I have an Academic IELTS overall 7.0 score, but
The Admissions requirements on AFI website are just a little confusing.

They say,

_If English is NOT your country of citizenship’s native language, and you are NOT a U.S. citizen or legal resident of the U.S. with an Alien Registration Number, you must submit a TOEFL or an IELTSscore or be exempt as described below.
Applicants must submit a TOEFL score of at least 100 (internet-based) or an *IELTS score of 7.0.* Test scores must reflect tests taken within 24 months of submission. Please allow for appropriate time for test scheduling. We must receive test scores by the deadline dates described in the Admissions Requirements._


Do they mean Overall 7.0 or Each 7.0 ??
Does it means that 4 subjects(reading, listening, writing, speaking) should be 7.0 ? 
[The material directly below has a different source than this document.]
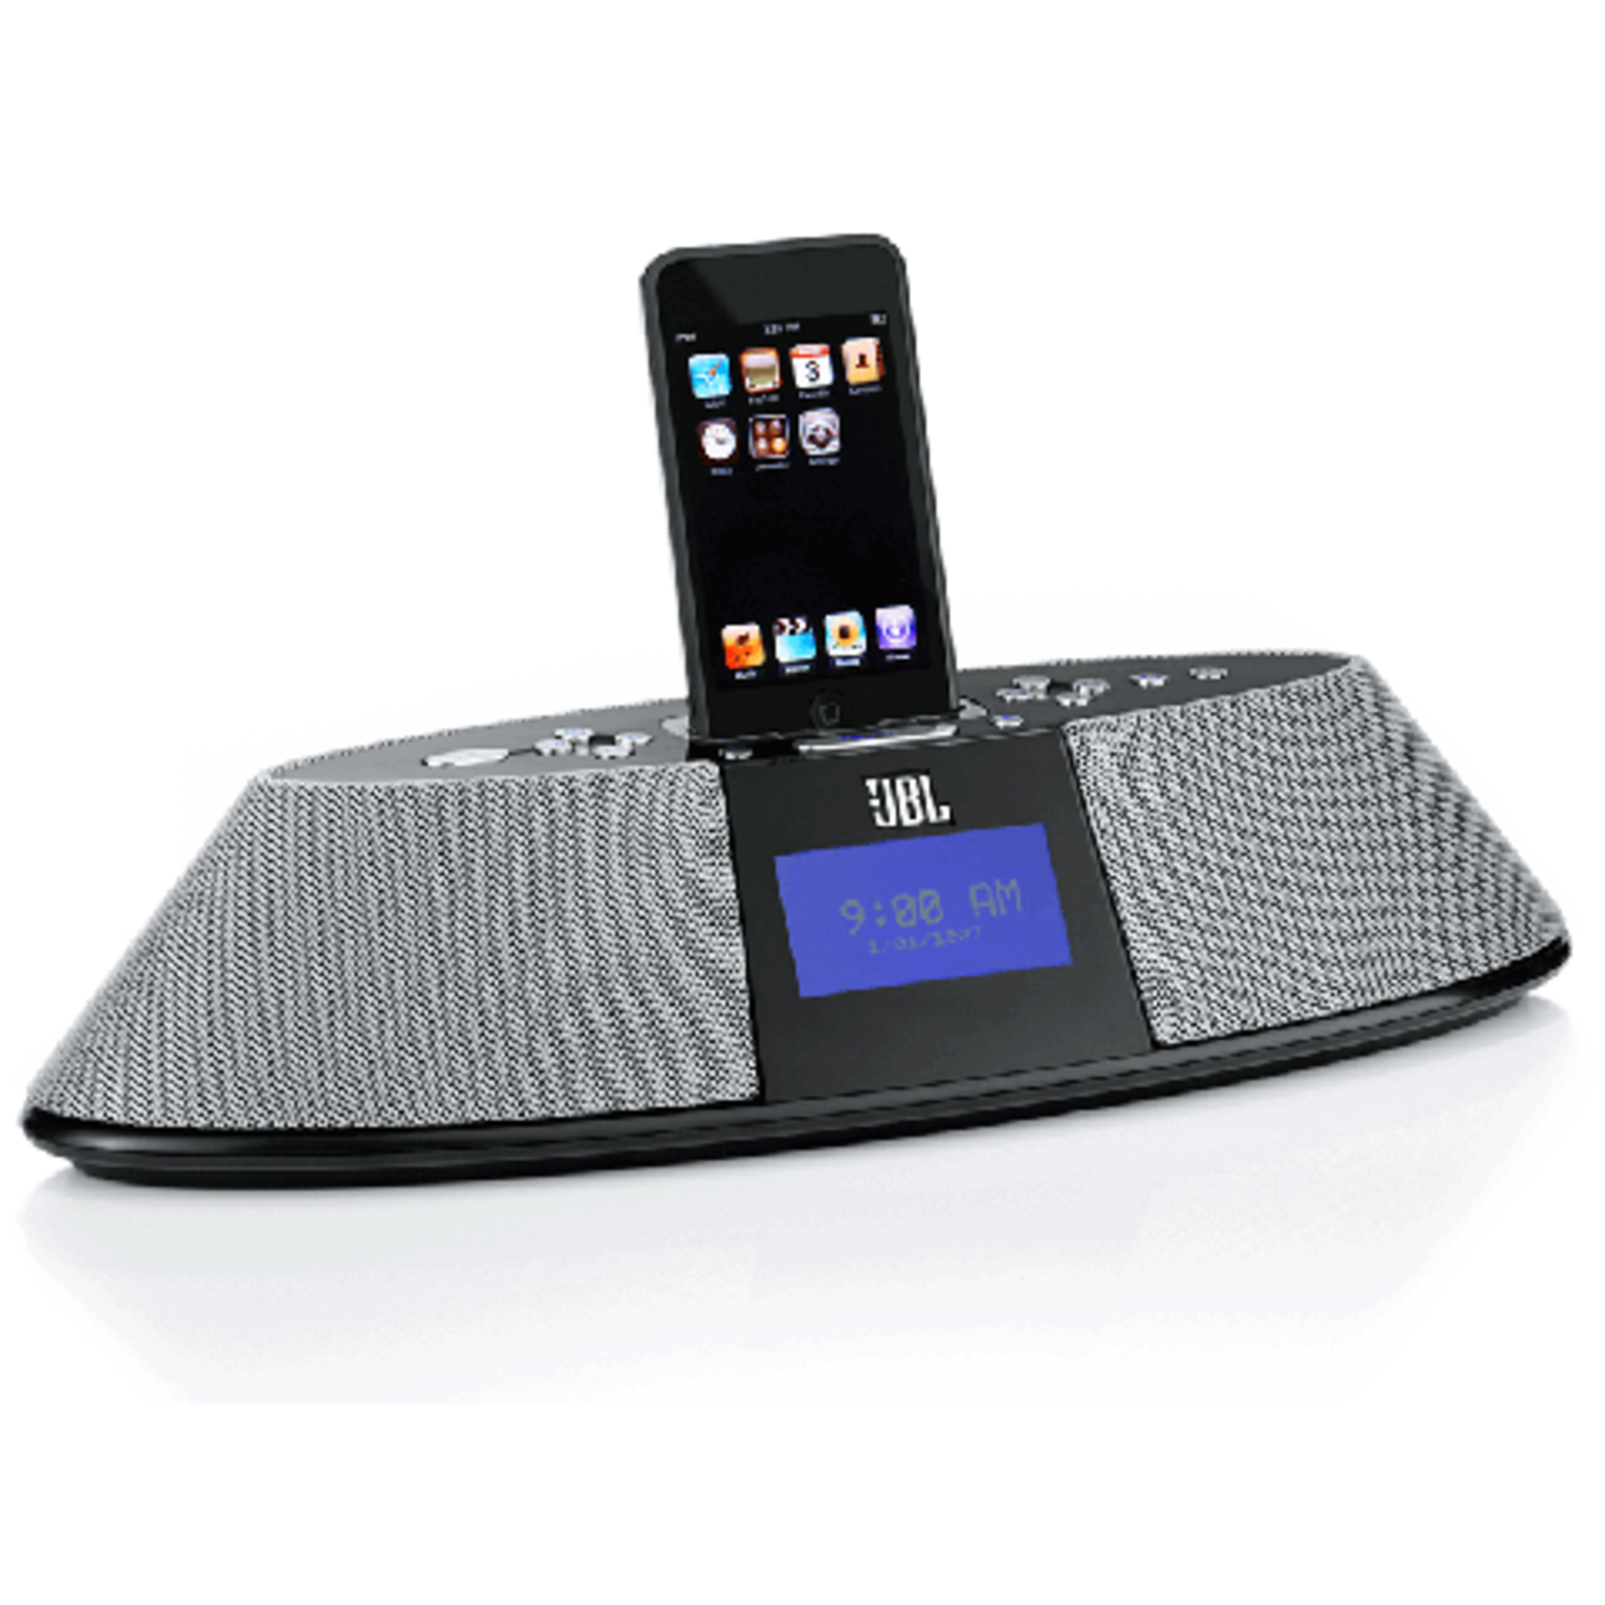 ON TIME 400IHD - Black - High Performance Loudspeaker Dock for iPod with HD Radio - Hero
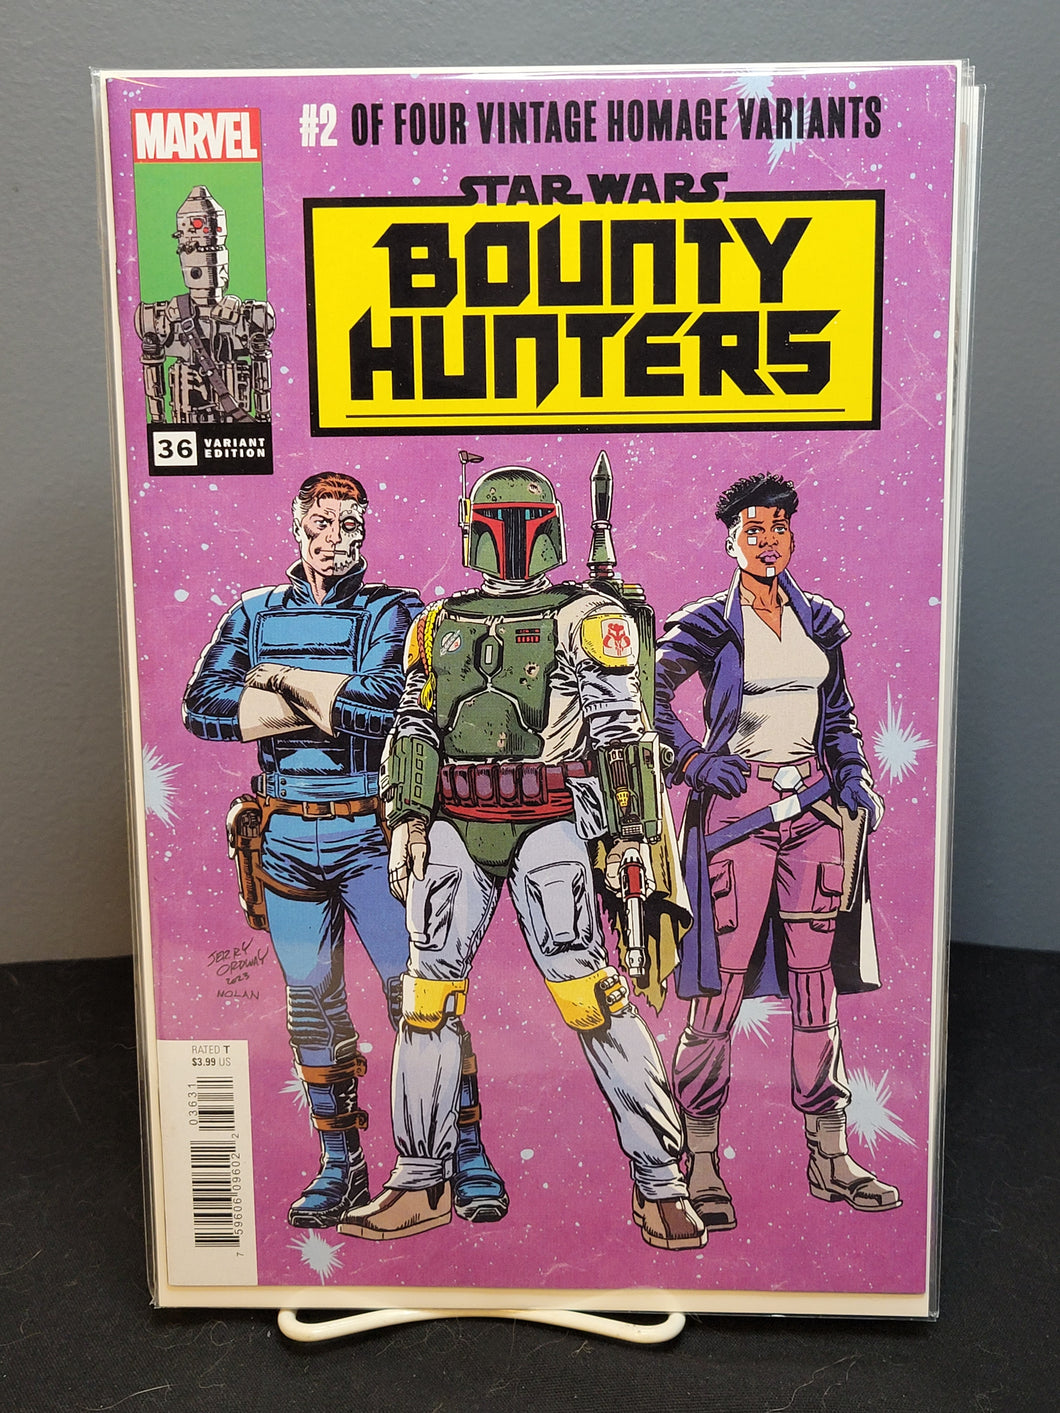 Star Wars Bounty Hunters #36 Variant

Does anyone who has applied here have any information about this?

I need some help.


----------



## Dean (Oct 17, 2019)

Hi
i started going to AFI this year. although i recently got my green card and didnt out apply as an international student, based on my previous experience with college application, the IELTS requirement most like means the OVERALL score needs to be above 7.0. And i think as long as you are not applying for screenwriting, i dont think they will be very strict with the score. but please email the admission just to make sure.


----------



## damianjeon (Oct 18, 2019)

Dean said:


> Hi
> i started going to AFI this year. although i recently got my green card and didnt out apply as an international student, based on my previous experience with college application, the IELTS requirement most like means the OVERALL score needs to be above 7.0. And i think as long as you are not applying for screenwriting, i dont think they will be very strict with the score. but please email the admission just to make sure.


Thanks!


----------